Horse shedding season has gotten complicated with all the grooming product hype flying around. As someone who has survived more shedding seasons than I can count, emerging from the barn looking like I was wearing a fur coat myself, I learned everything there is to know about managing the spring shed. Today, I will share it all with you.
Brush Every Single Day
A shedding blade or a good rubber curry comb is your weapon of choice right now. Ten minutes of focused grooming pulls out mountains of loose hair before it ends up on your clothes, in your truck, in your coffee (yes, that’s happened to me), and everywhere else in your life. The amount of hair that comes off one horse is genuinely shocking if you’ve never been through this before.
I actually enjoy the daily grooming sessions during shedding season. There’s something oddly satisfying about filling an entire wheelbarrow with hair and seeing the sleek coat underneath start to emerge.
A Warm Bath Can Speed Things Up
Probably should have led with this section, honestly. A warm water rinse loosens dead hair and accelerates the whole shedding process. Just — and this is important — make sure daytime temperatures are consistently above 60 degrees before getting your horse wet. Sending a damp horse out in cold weather is asking for trouble. I made that mistake once in early March and spent the rest of the day feeling guilty about it.
Check the Skin Underneath
All that winter coat peeling off can reveal stuff you didn’t know was hiding under there. Bald patches, scabs, lumps, fungal spots, rain rot — the winter coat is great at concealing skin problems. That’s what makes shedding season endearing to us horse people, in a weird way — it’s like a health check that happens naturally.

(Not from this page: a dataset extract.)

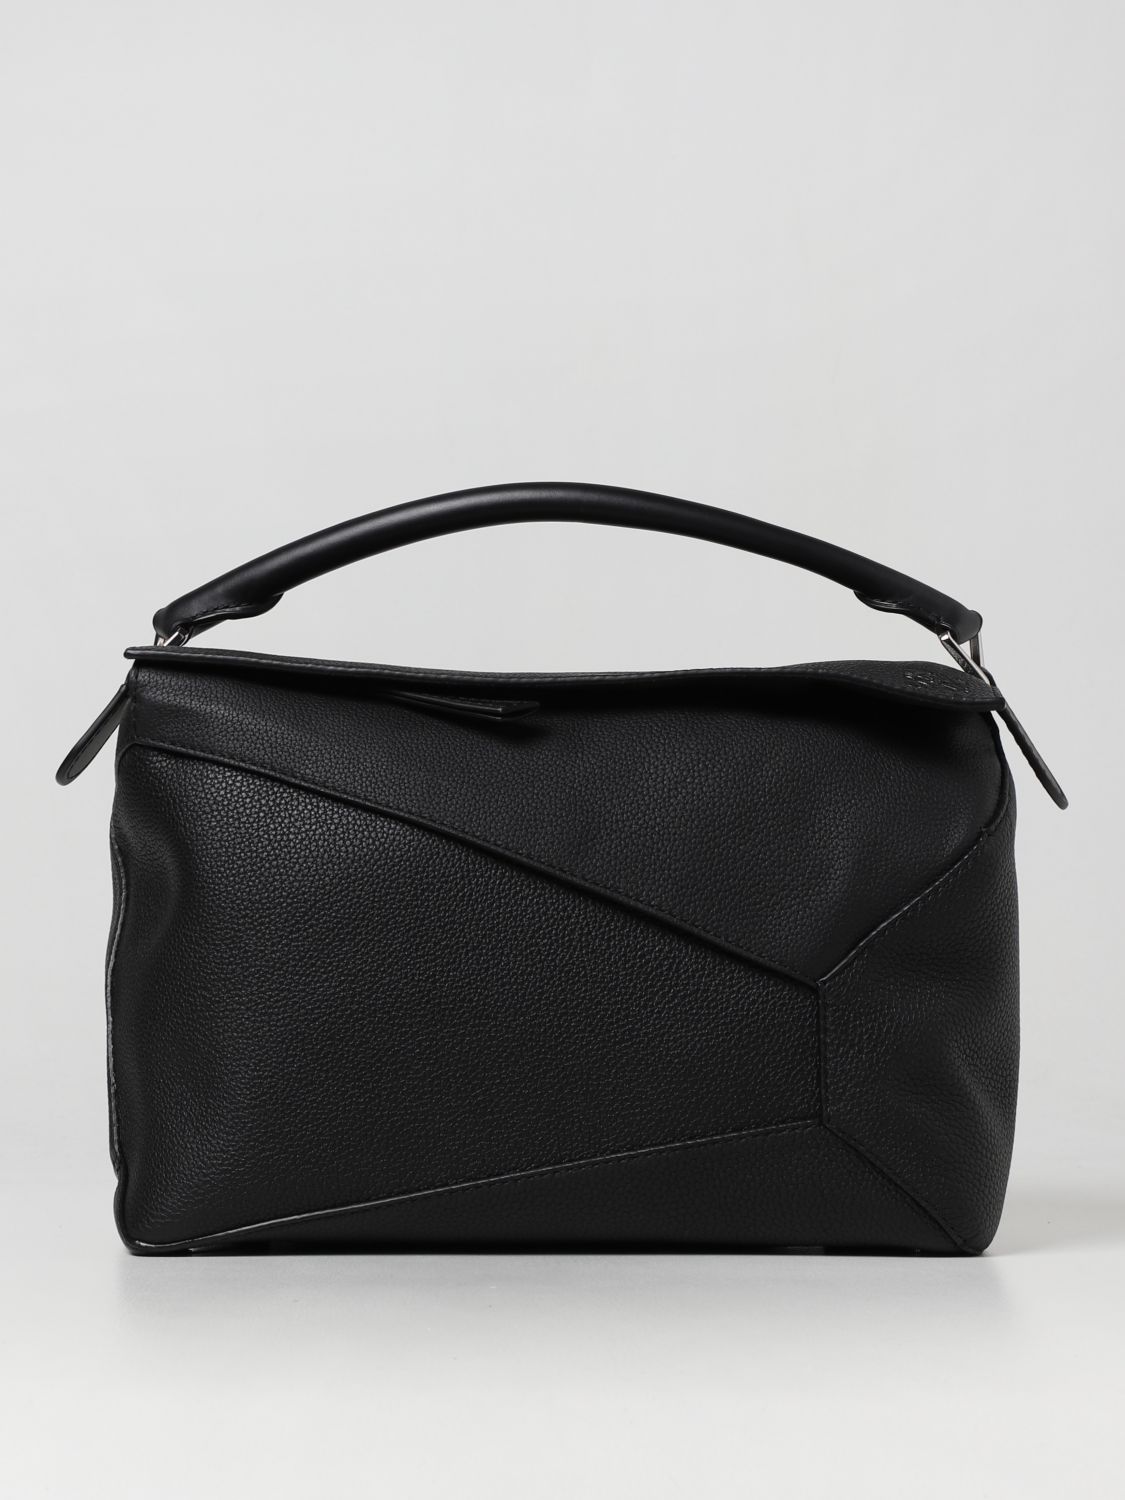 LOEWE: bags for man - Black | Loewe bags B510140X01 online at GIGLIO.COM

Anything that looks unusual or doesn’t heal on its own within a week deserves a vet call. Better to catch skin issues early than let them spread.
Diet Matters for That New Coat
The coat your horse grows coming out of shed season reflects their nutritional health. Good protein, essential fatty acids, adequate vitamins — all of it shows up in coat quality. I add ground flax seeds to my horses’ feed starting in late winter, and the difference in their summer coats is noticeable. Some people swear by chia seeds too. Either way, nutrition from the inside beats any topical product.
Just Accept the Hair Situation
Real talk: for the next few weeks, you will be covered in horse hair at all times. In your car. On your work clothes. In places hair has no business being. Stock up on lint rollers. Keep one at the barn, one in your vehicle, one by the front door. Accept that this is your life now.
Shedding season is temporary, even when it doesn’t feel like it. And when that glossy summer coat finally comes in? Worth every lint roller you burned through.